Update vom 19. November, 09.51 Uhr: Nach den Beschlüssen auf dem Corona-Gipfel vom Donnerstag ist die Diskussion um die Corona-Maßnahmen in Deutschland neu entbrannt. Bereits vorab äußerte sich Lothar Wieler mit drastischen Worten über die aktuelle Situation. Auch deshalb wird das Pressestatement des RKI-Chefs gemeinsam mit Gesundheitsminister Jens Spahn zur aktuellen Lage. Um 10 Uhr soll die Pressekonferenz beginnen - wir halten Sie hier über das Gesagte auf dem Laufenden.

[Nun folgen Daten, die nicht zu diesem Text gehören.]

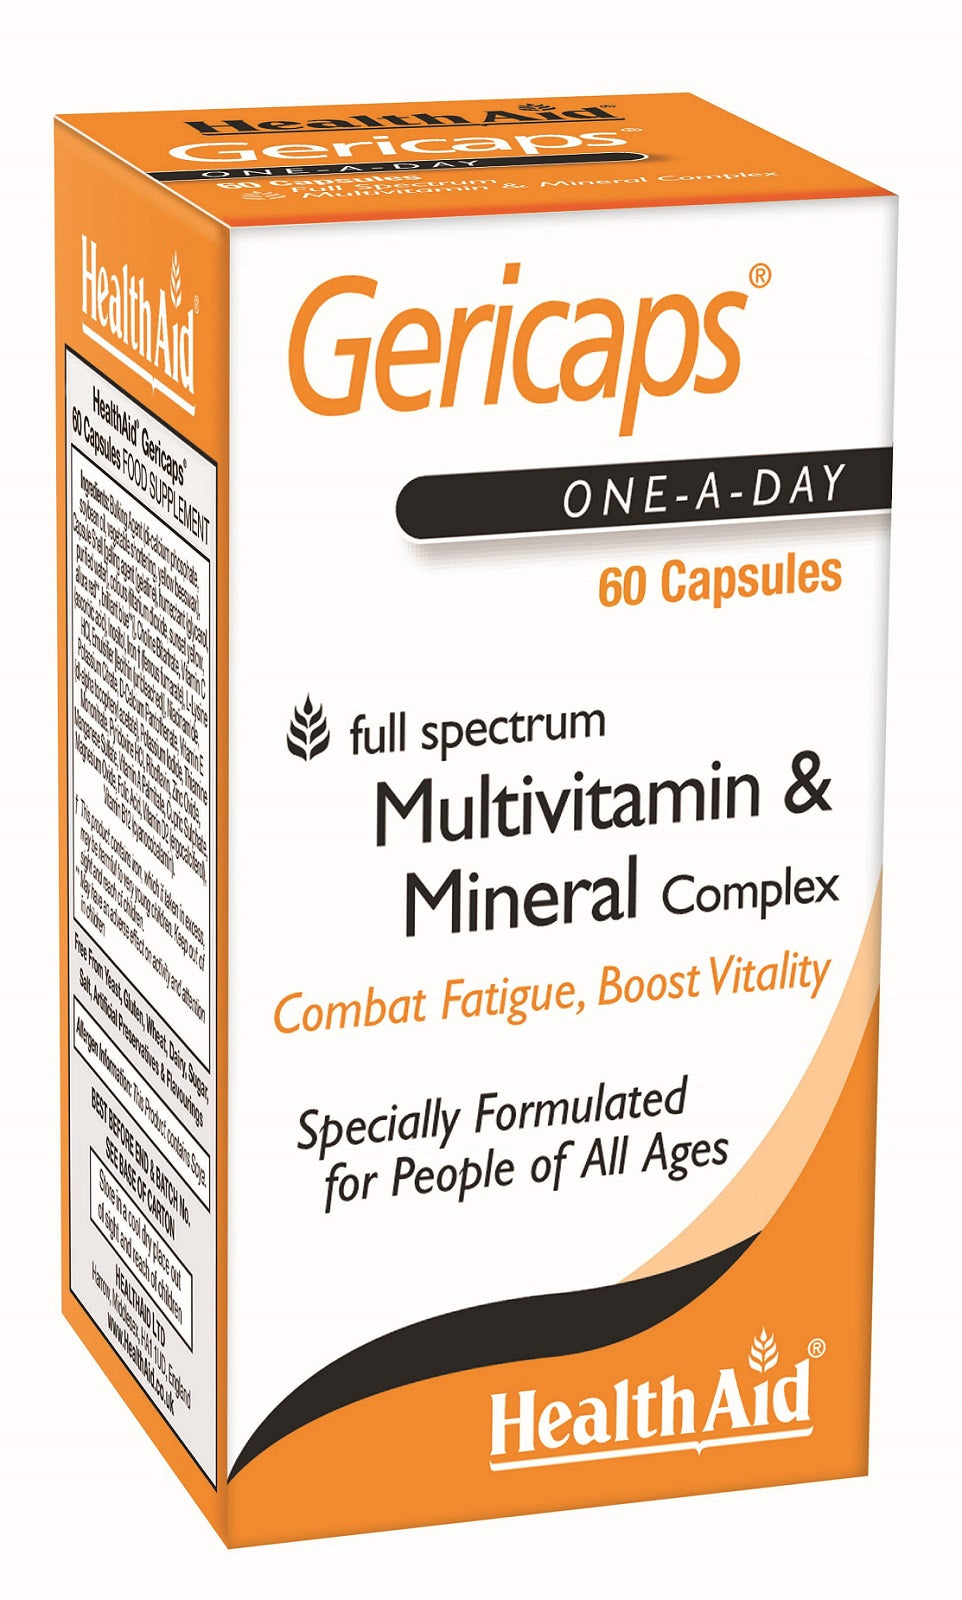 Health Aid Gericaps Multivitamin & Mineral Complex

Corona außer Kontrolle: Spahn und Wieler halten Pressekonferenz - Wutrede vom RKI-Chef

Erstmeldung vom 18. November, 16.35 Uhr: Das Coronavirus* hat Deutschland fest im Griff. Während sich die Lage immer weiter zuspitzt, beraten Bund und Länder über eine Verschärfung der Maßnahmen und neue Instrumente zur Bekämpfung der Pandemie. Ein erster Beschluss ist offenbar schon gefallen. Zudem wurde das neue Infektionsschutzgesetz der Ampel-Parteien im Bundestag verabschiedet.

Bundesgesundheitsminister Jens Spahn* und Präsident des Robert Koch Instituts Lothar Wieler werden nun am Freitag (19. November) eine gemeinsame Pressekonferenz halten und sich zur aktuellen Corona-Lage in Deutschland äußern. Die Pressekonferenz ist für 10.00 Uhr eingeplant.

Im Vorfeld der Konferenz fiel RKI-Chef Wieler mit einer regelrechten Wutrede auf. Die Lage in Deutschland ordnete er mit drastischen Worten ein und nahm zugleich die Politik ins Visier. „Es herrscht eine Notlage in unserem Land“, sagte Wieler am Mittwochabend in einer Videokonferenz mit Mitgliedern der sächsischen Landesregierung. „Wer das nicht sieht, der macht einen sehr großen Fehler,“ hieß es.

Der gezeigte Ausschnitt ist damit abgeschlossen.